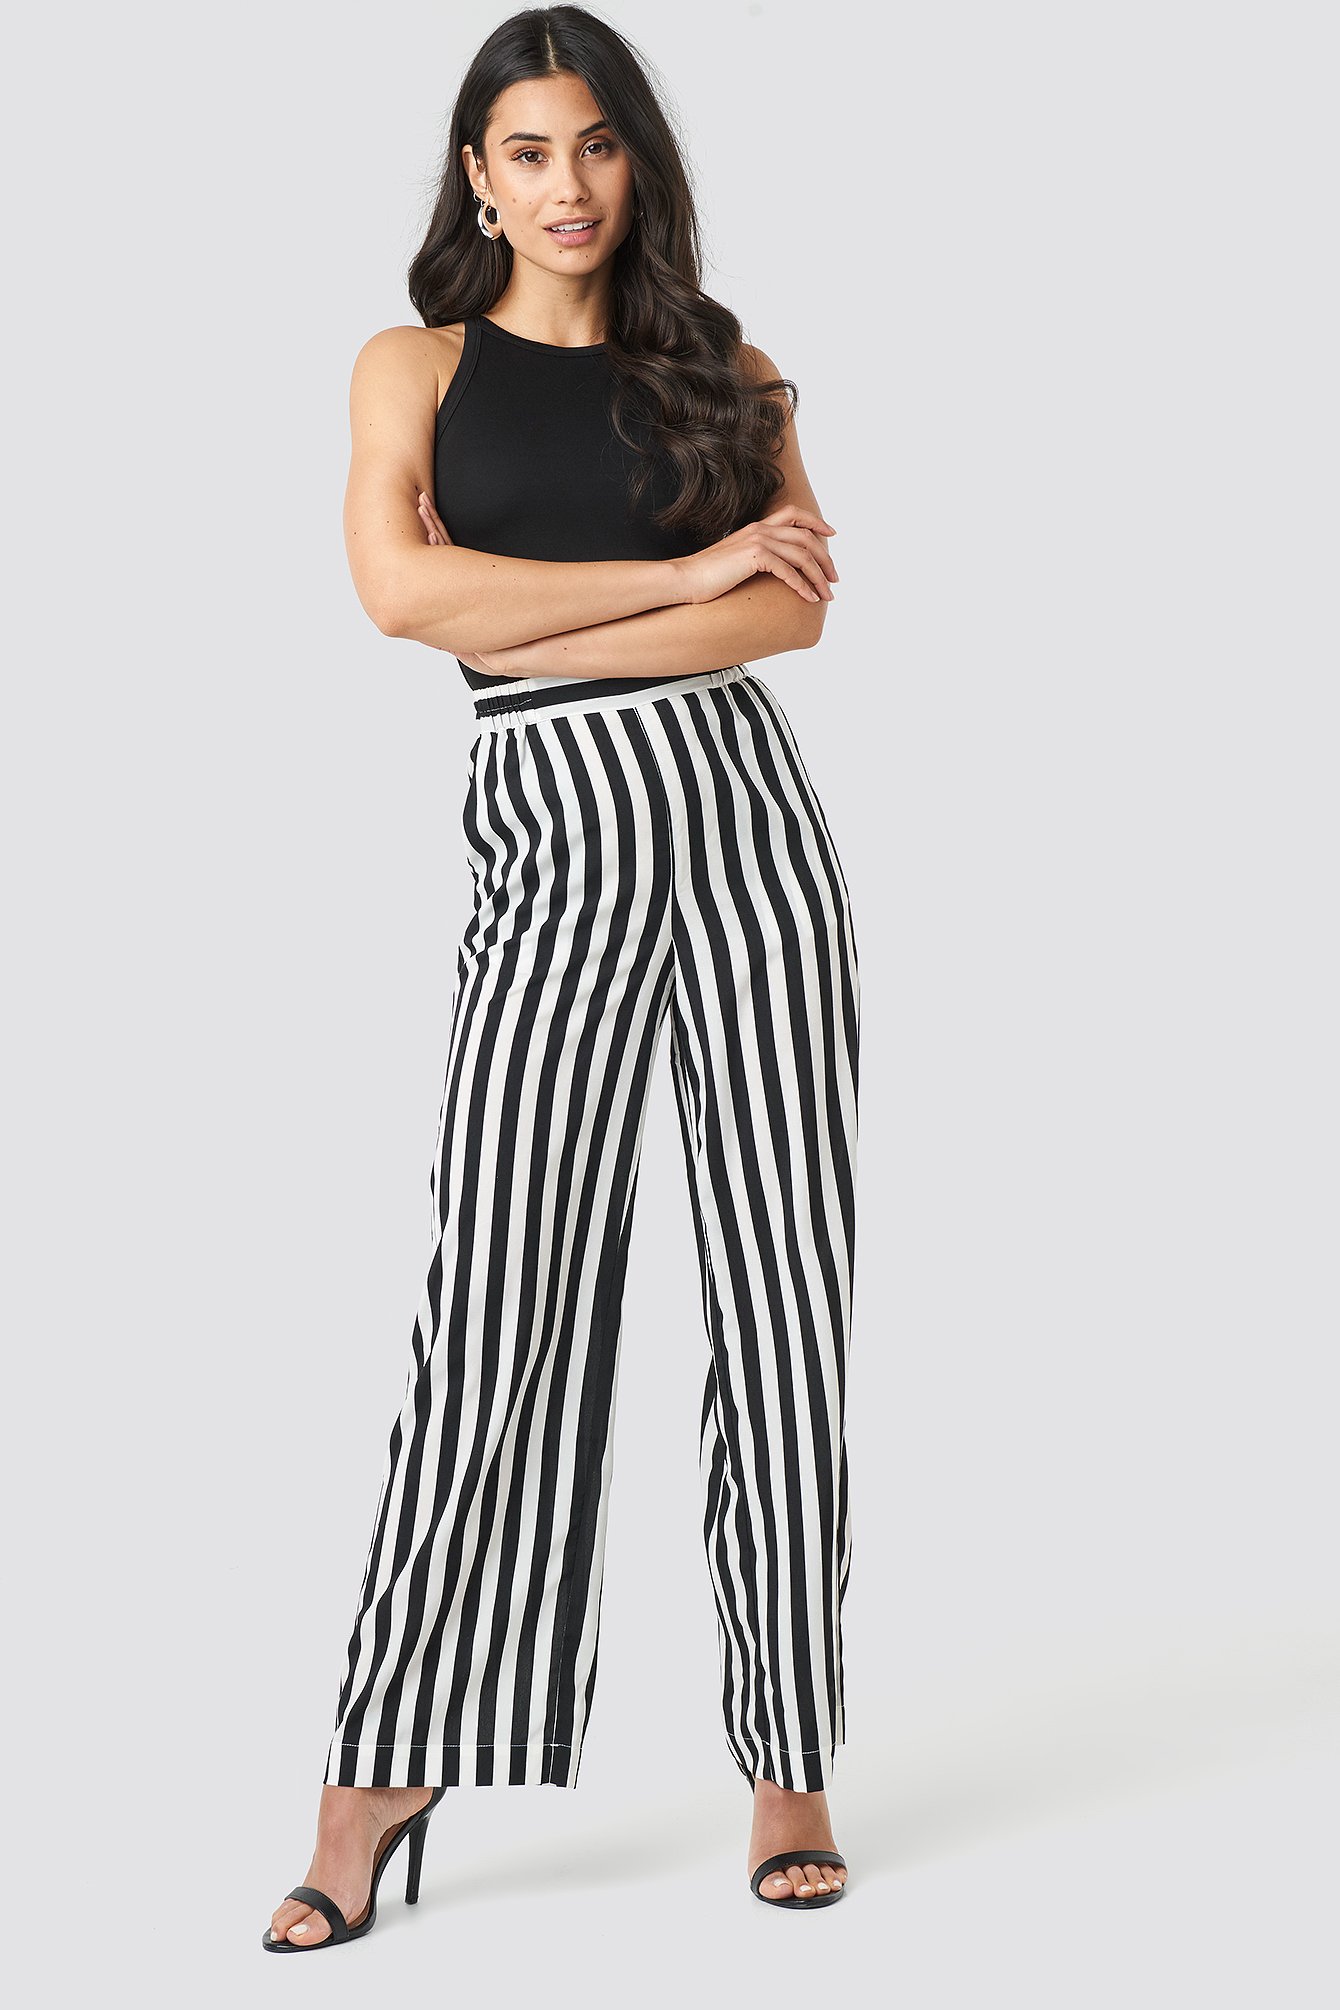 Black/White Wide Striped Pants
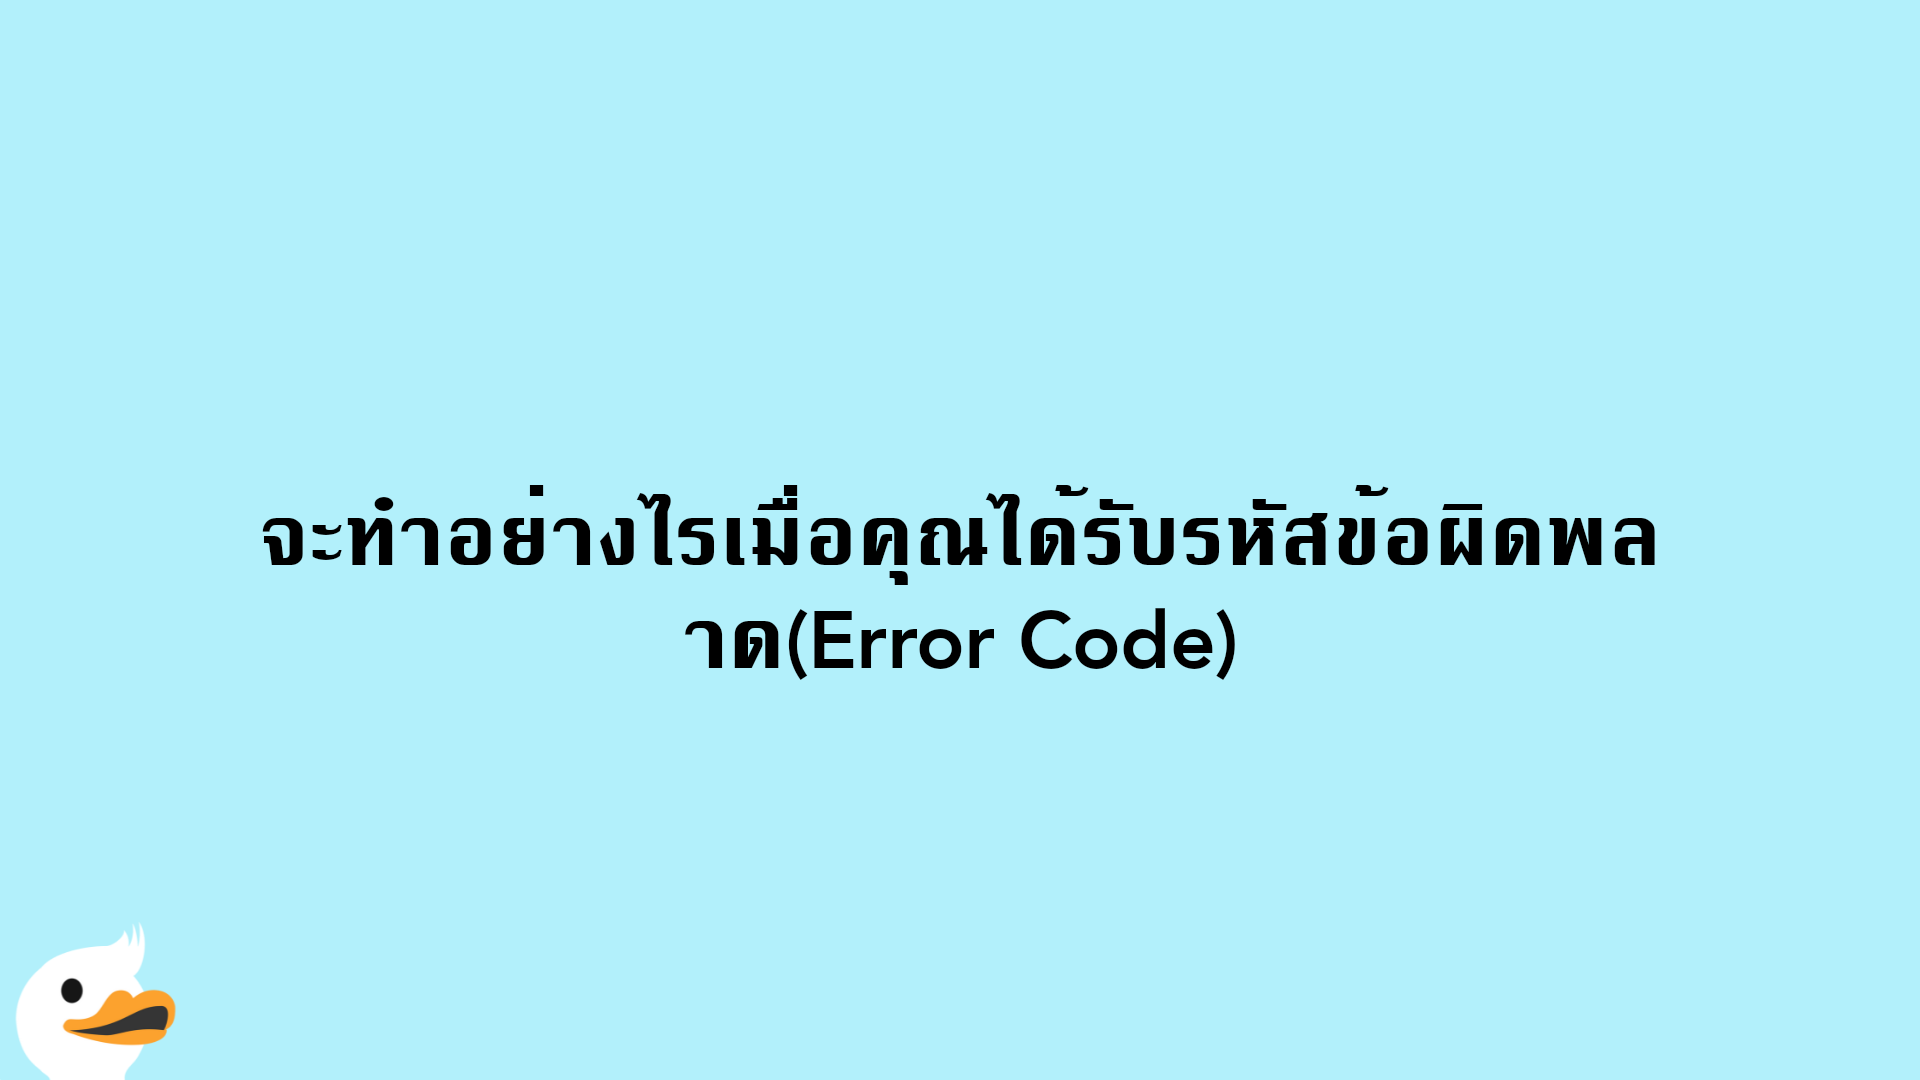 จะทำอย่างไรเมื่อคุณได้รับรหัสข้อผิดพลาด(Error Code)
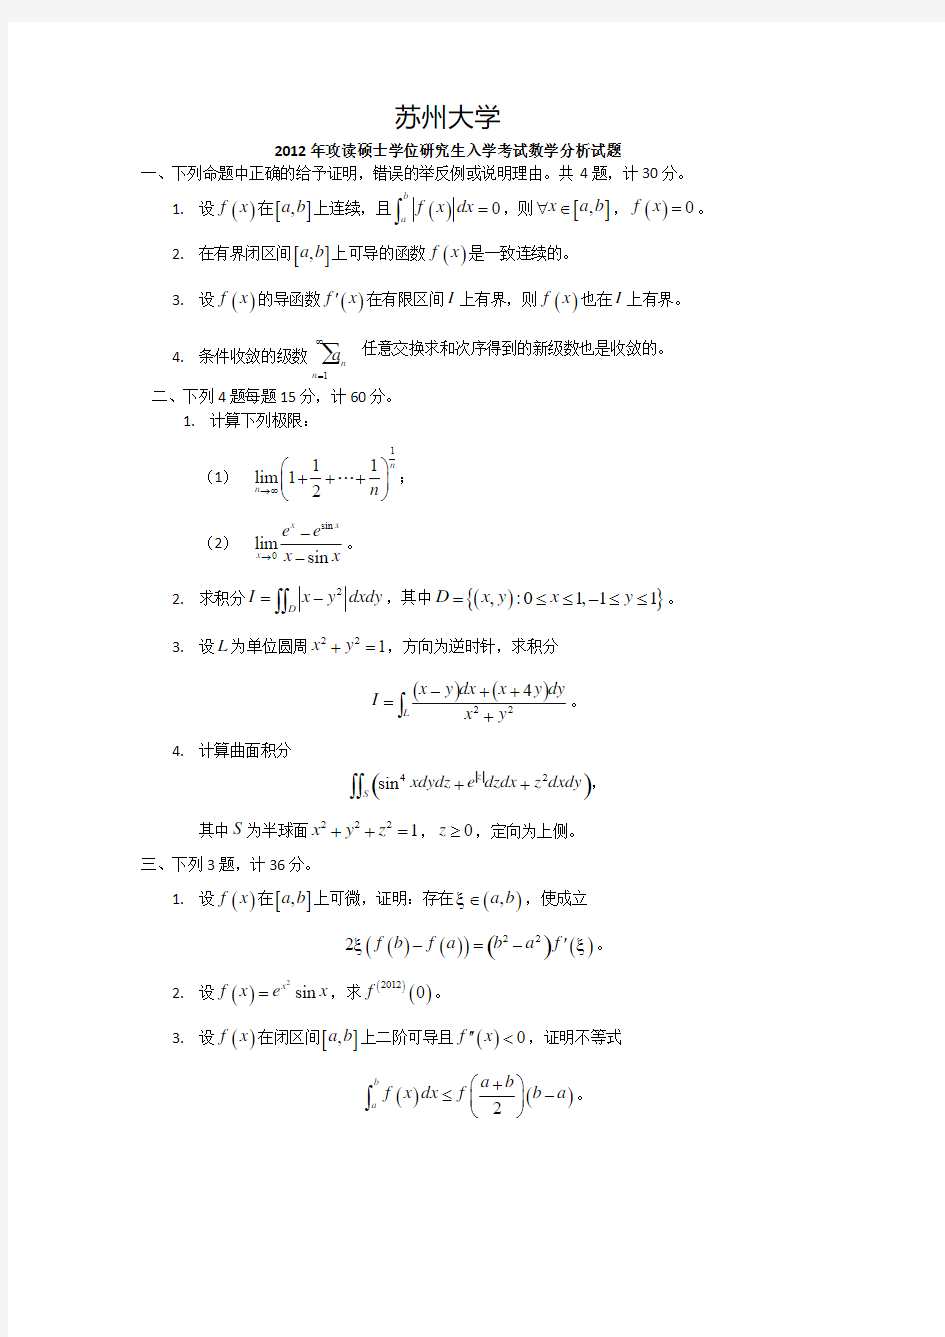 苏州大学数学分析试题集锦(2000-2012年)
++++++++++++++++++++
[INSTRUCTIONS FOR THE TASK] Reprint the data verbatim, pictures excluded.

[PROBLEM SOLUTION]
 Black/White Wide Striped Pants
 จะทำอย่างไรเมื่อคุณได้รับรหัสข้อผิดพลาด(Error Code)
 苏州大学数学分析试题集锦(2000-2012年)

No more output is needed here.